Building an open multimodal infrastructure to accelerate science
This initiative builds a shared stack that makes powerful multimodal tools available to research teams nationwide.
What “open” includes
The project will release a full suite of models, model weights, training data, code, documentation, and developer tools. Open releases enable independent verification, reuse, and community audits. That transparency helps researchers trust results and reproduce experiments.
Technical backbone
The compute layer relies on HGX B300 systems with Blackwell Ultra GPUs and the enterprise software stack to handle large training runs. These b300 systems deliver throughput and reliability needed for heavy scientific workloads.

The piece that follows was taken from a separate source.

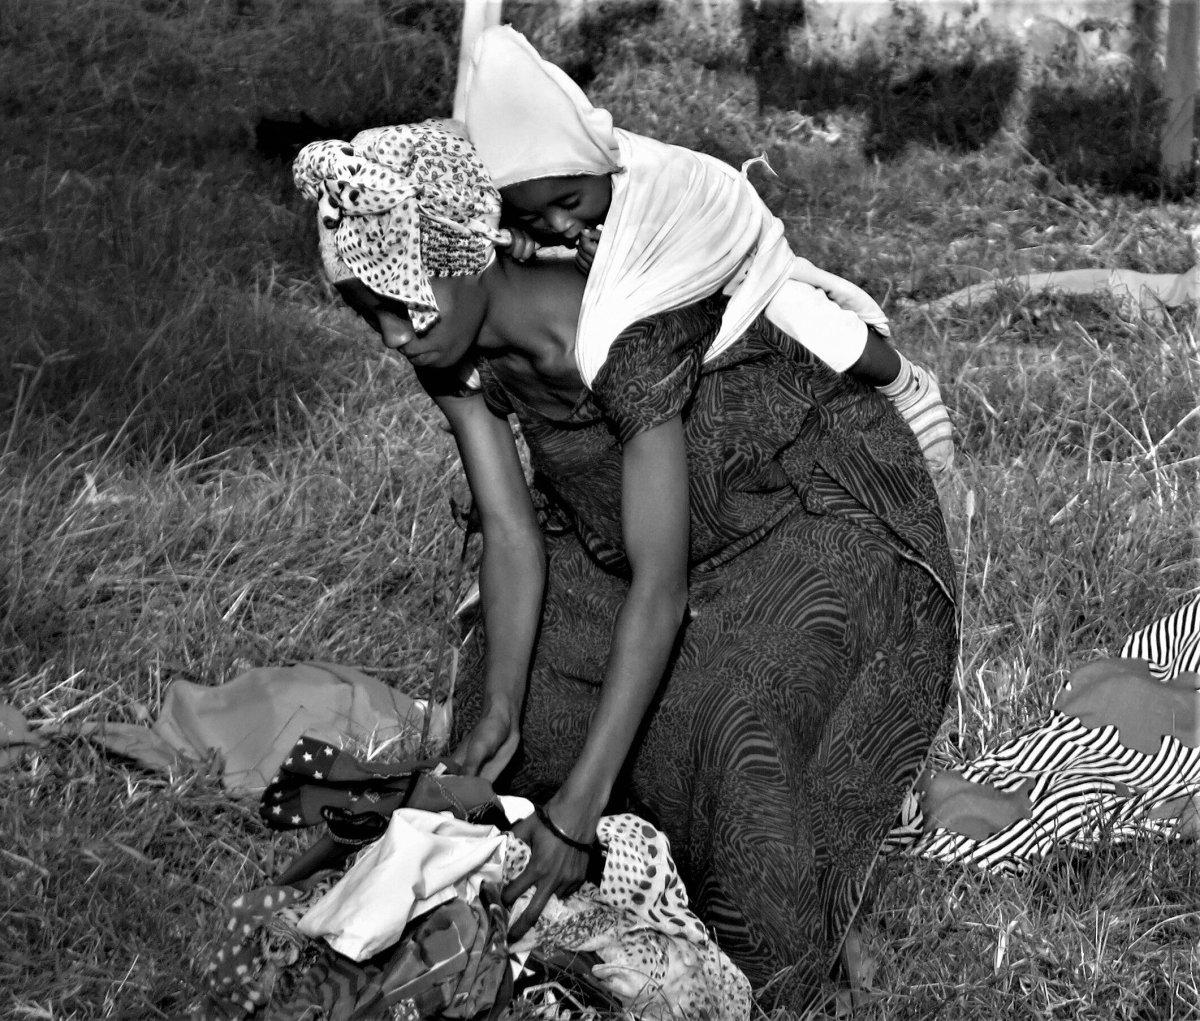 El fin de la pobreza africa alegria gambo alegria sin fronteras dr alegria

Multimodal research capability
Multimodal large language models will unify text, images, graphs, and tables. Teams can cross-check experiments, generate visualizations, and link findings to prior literature. Models trained on domain sources will be tuned for scientific tasks.
Access and scaling
Universities, national labs, and startups will get low or no-cost access to remove barriers to adoption. Open models and docs foster trust and community-led improvement while the architecture helps the infrastructure accelerate science by shrinking training cycles.
“Open releases, robust systems, and shared tools form the bedrock of reproducible, data-driven research.”
Scientific impact: applications, training, and collaboration across U.S. institutions
Early OMAI work targets practical science use cases where multimodal systems can shorten the path from idea to experiment. This section outlines where the project will show near-term returns and how teams will work together.
Early focus areas: materials discovery and protein function prediction
Materials discovery benefits when models fuse experimental data, publications, and structure–property links. That integration helps prioritize promising candidates and cut lab cycles.
Protein function prediction improves when models trained on literature, sequences, structures, and assay results generate testable hypotheses. This accelerates hypothesis design and validation.
From challenges to capabilities: addressing weaknesses in current large language models
The project tackles key challenges by emphasizing domain alignment, citation grounding, and evidence tracking within large language systems used in scientific research.
Models trained on vetted, open-access literature show fewer hallucinations and greater interpretability. Scientists can then trace provenance and assess reliability.
“Open releases and rigorous training create tools scientists trust,”
Collaboration across the University of Washington, University of Hawai‘i at Hilo, University of New Hampshire, and University of New Mexico will validate results, share benchmarks, and scale best practices.
Researchers and scientists will gain access to open models, datasets, and tools to embed intelligence into lab workflows. The project aims to measure impact by improved research efficiency, transparent data use, and rigorous cross-institution validation.
Conclusion
OMAI’s launch creates a durable bridge between public investment and cutting-edge compute to speed scientific discovery.
The national science foundation provided $75 million while leading industry added $77 million in systems and software to seed this open multimodal infrastructure. Led by the Allen Institute and partners, the project delivers open models, training data, code, and documentation to help researchers work faster and more transparently.
Purpose-built systems aim to reduce training and inference time for large language workloads. Early wins in materials discovery and protein prediction show how the approach can turn technology and data into real scientific outcomes.
With sustained investment, sound governance, and community contributions, this project positions U.S. science for continued leadership, innovation, and accelerated discovery.